* [Exercise directions] Restate the following entries exactly. Keep the pictures out.
(Extracted entries begins)
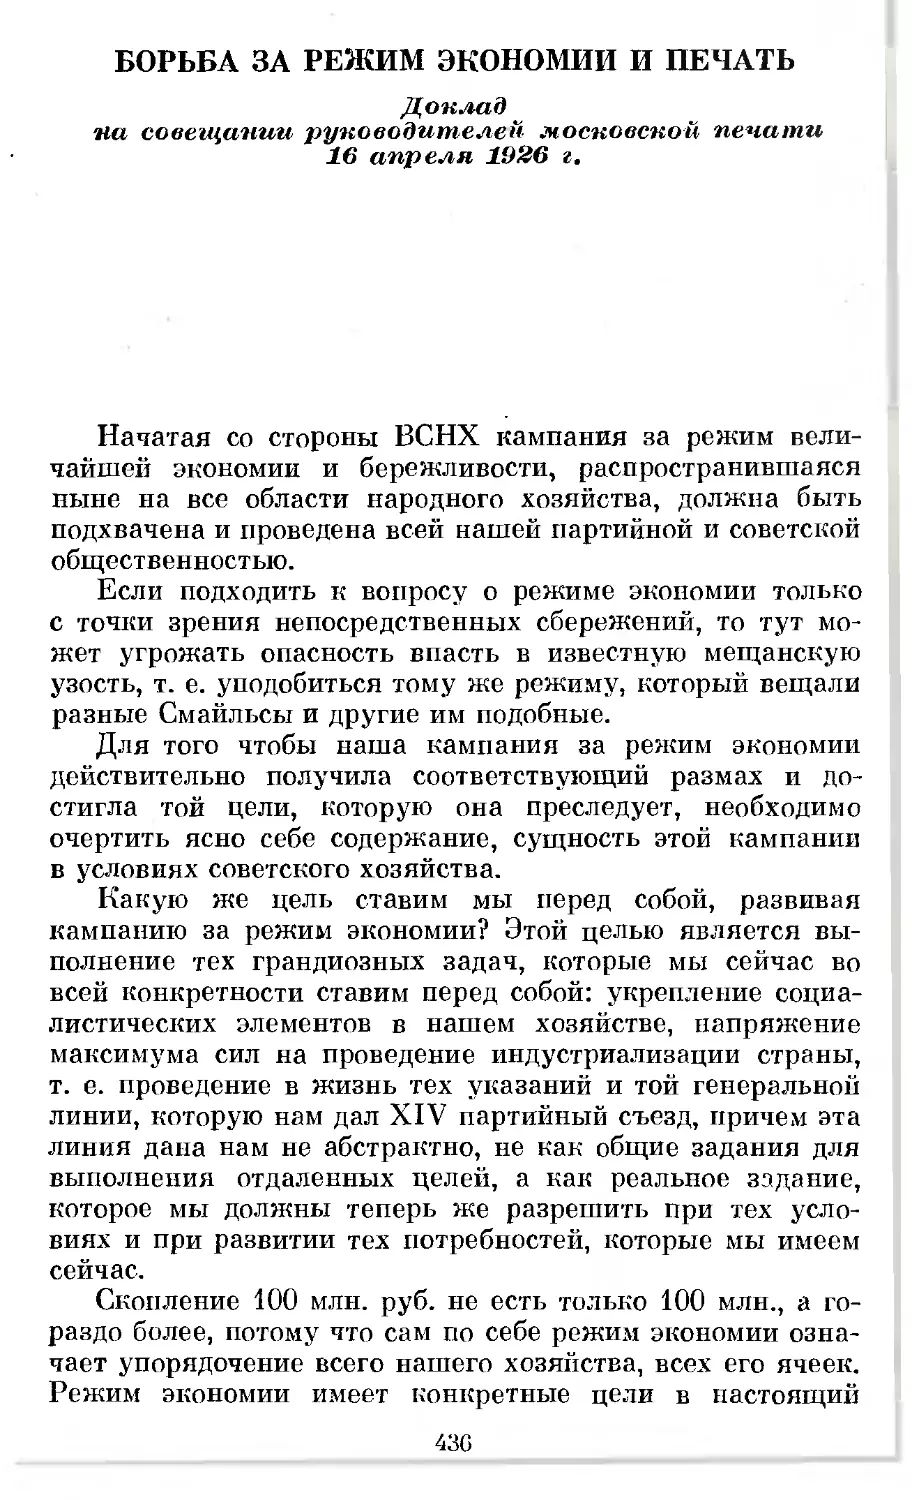 Борьба за режим экономии и печать. Доклад на совещании руководителей московской печати 16 апреля 1926 г
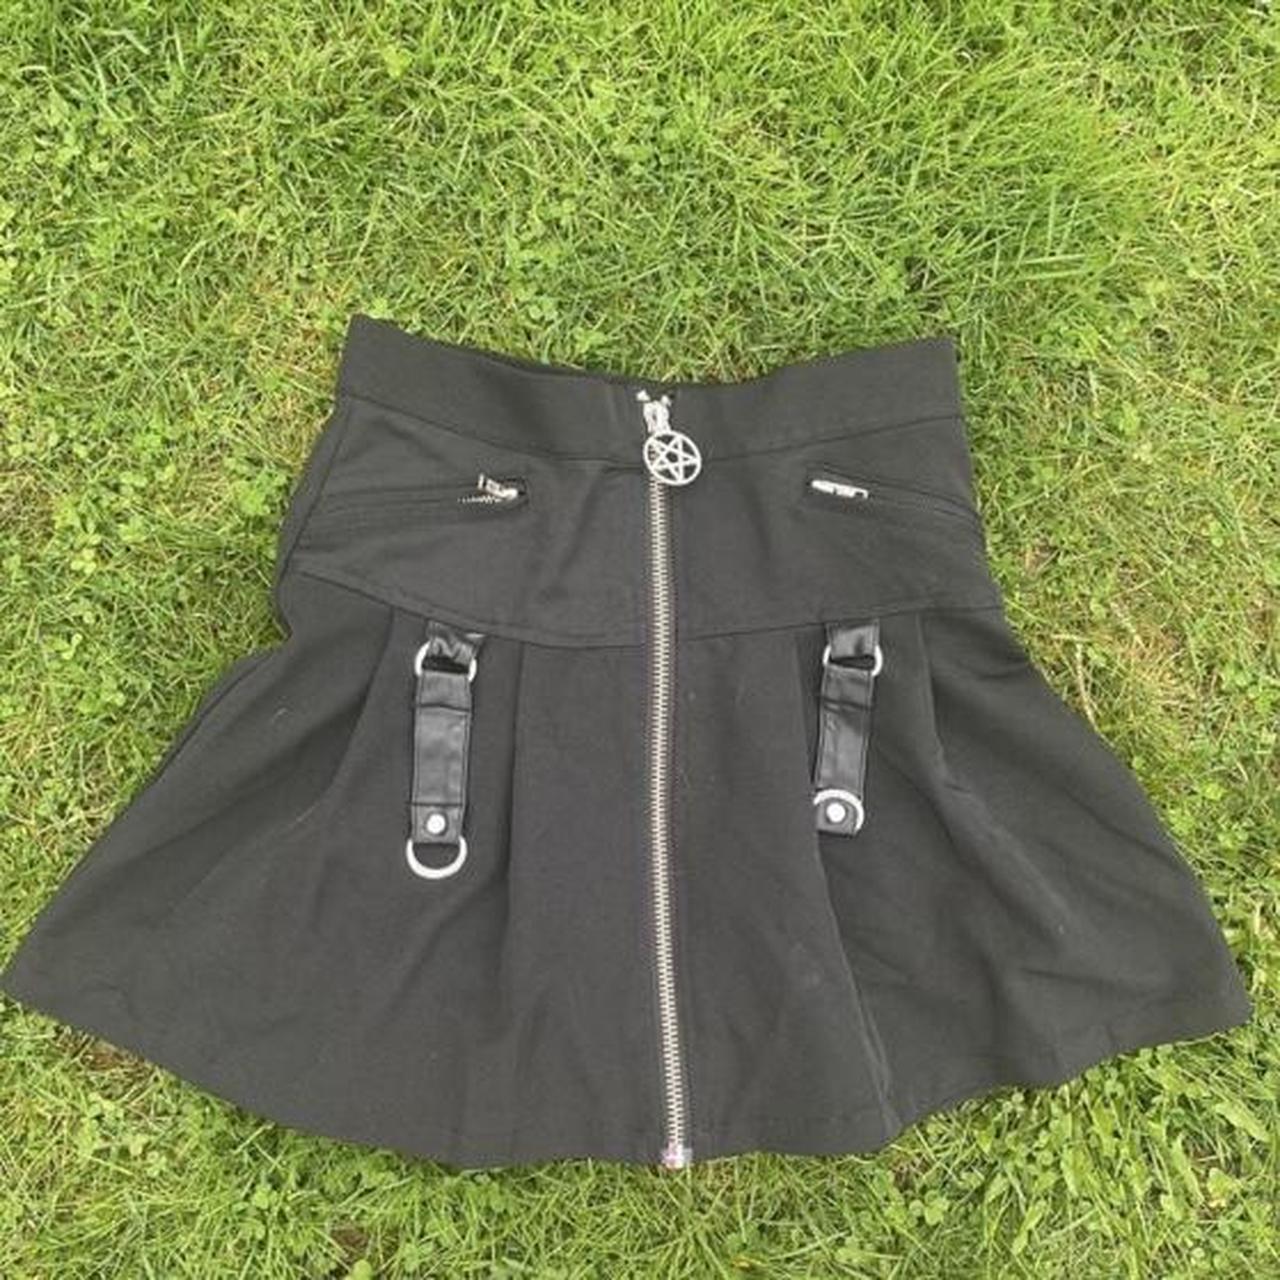 Product Image 1 - KILLSTAR Pentagram Bondage Cargo Skirt

Marked
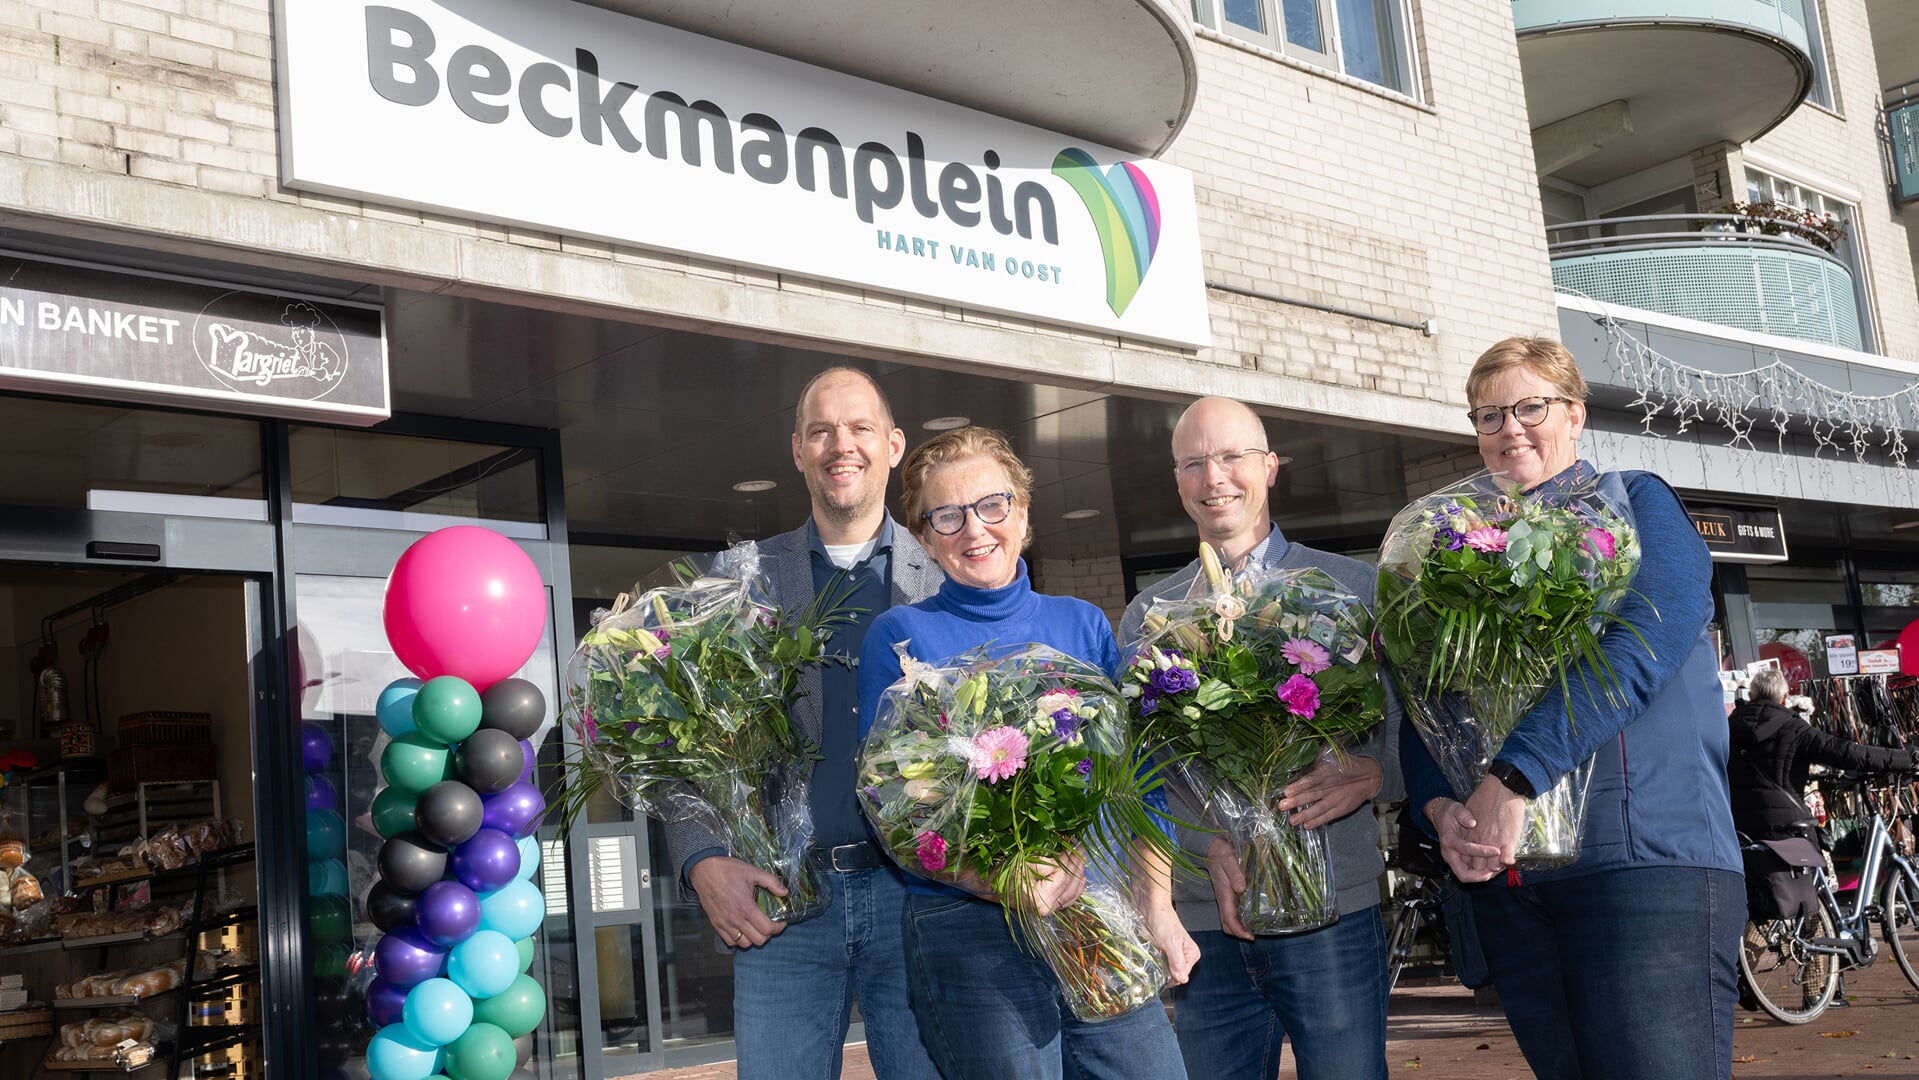 Ondernemers Beckmanplein blij met nieuwe naam. V.l.n.r Elbert van denDoel, Margriet Verbeek, Erik van Mil en Mariëlle Bouwhuis.  
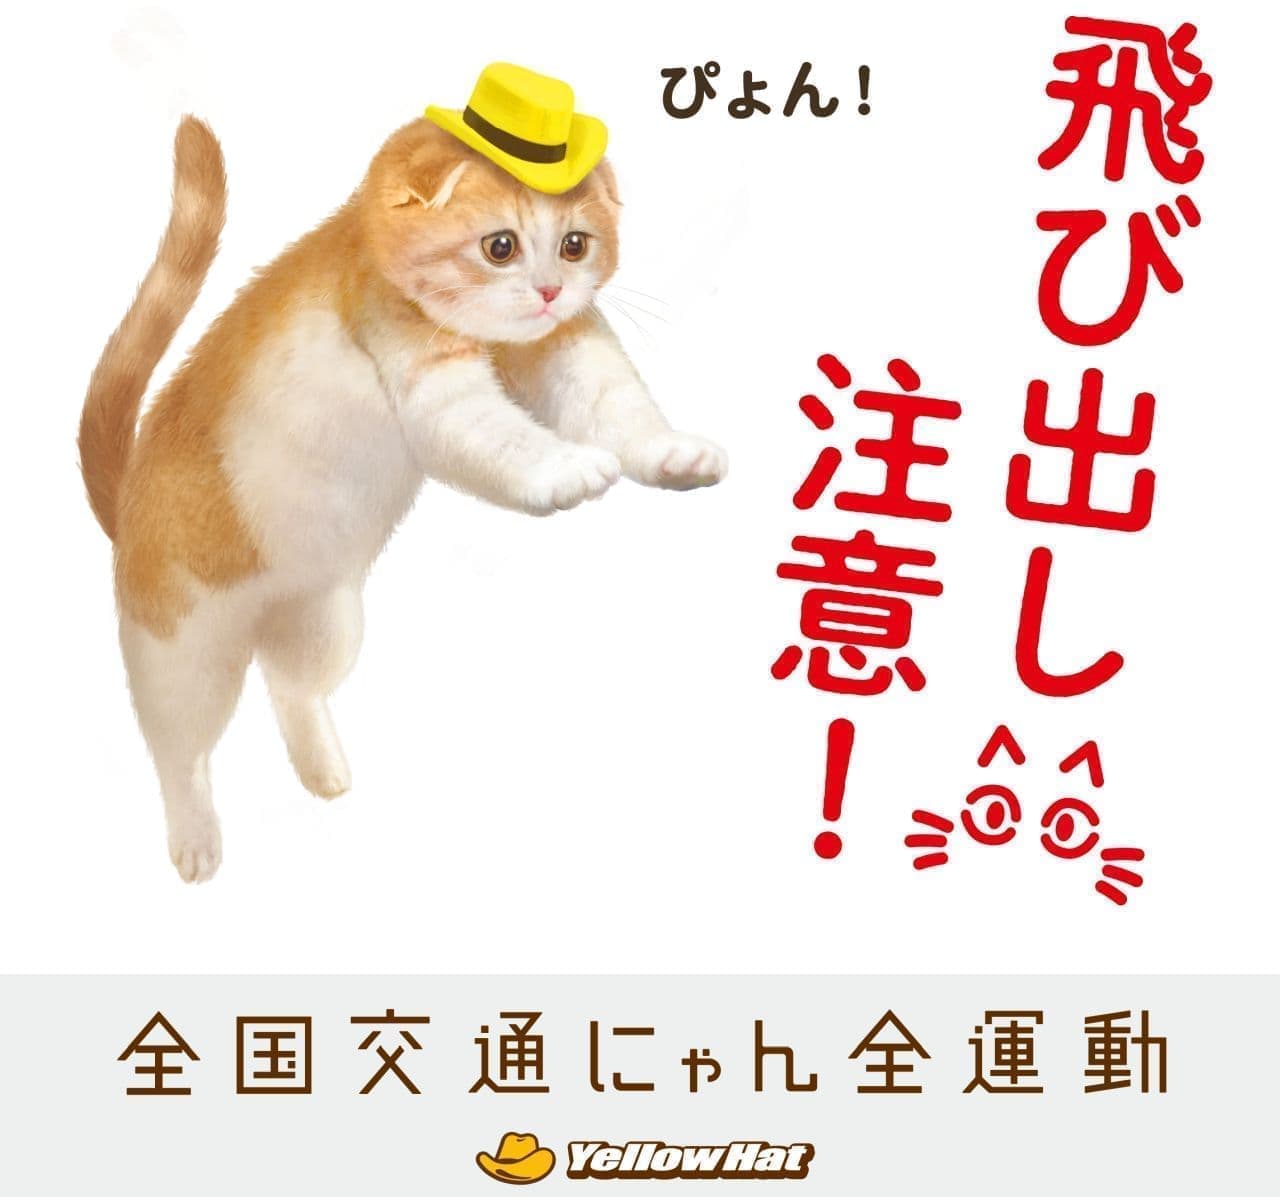 「猫飛び出しサイン」を渋谷“キャット”ストリートの学校に設置！猫の安全を守るイエローハットの全国交通にゃん全運動キャンペーン
(Extracted entries ends)
* [Task solution]
 Борьба за режим экономии и печать. Доклад на совещании руководителей московской печати 16 апреля 1926 г
 Product Image 1 - KILLSTAR Pentagram Bondage Cargo Skirt

Marked
 Ondernemers Beckmanplein blij met nieuwe naam. V.l.n.r Elbert van denDoel, Margriet Verbeek, Erik van Mil en Mariëlle Bouwhuis.  
 「猫飛び出しサイン」を渋谷“キャット”ストリートの学校に設置！猫の安全を守るイエローハットの全国交通にゃん全運動キャンペーン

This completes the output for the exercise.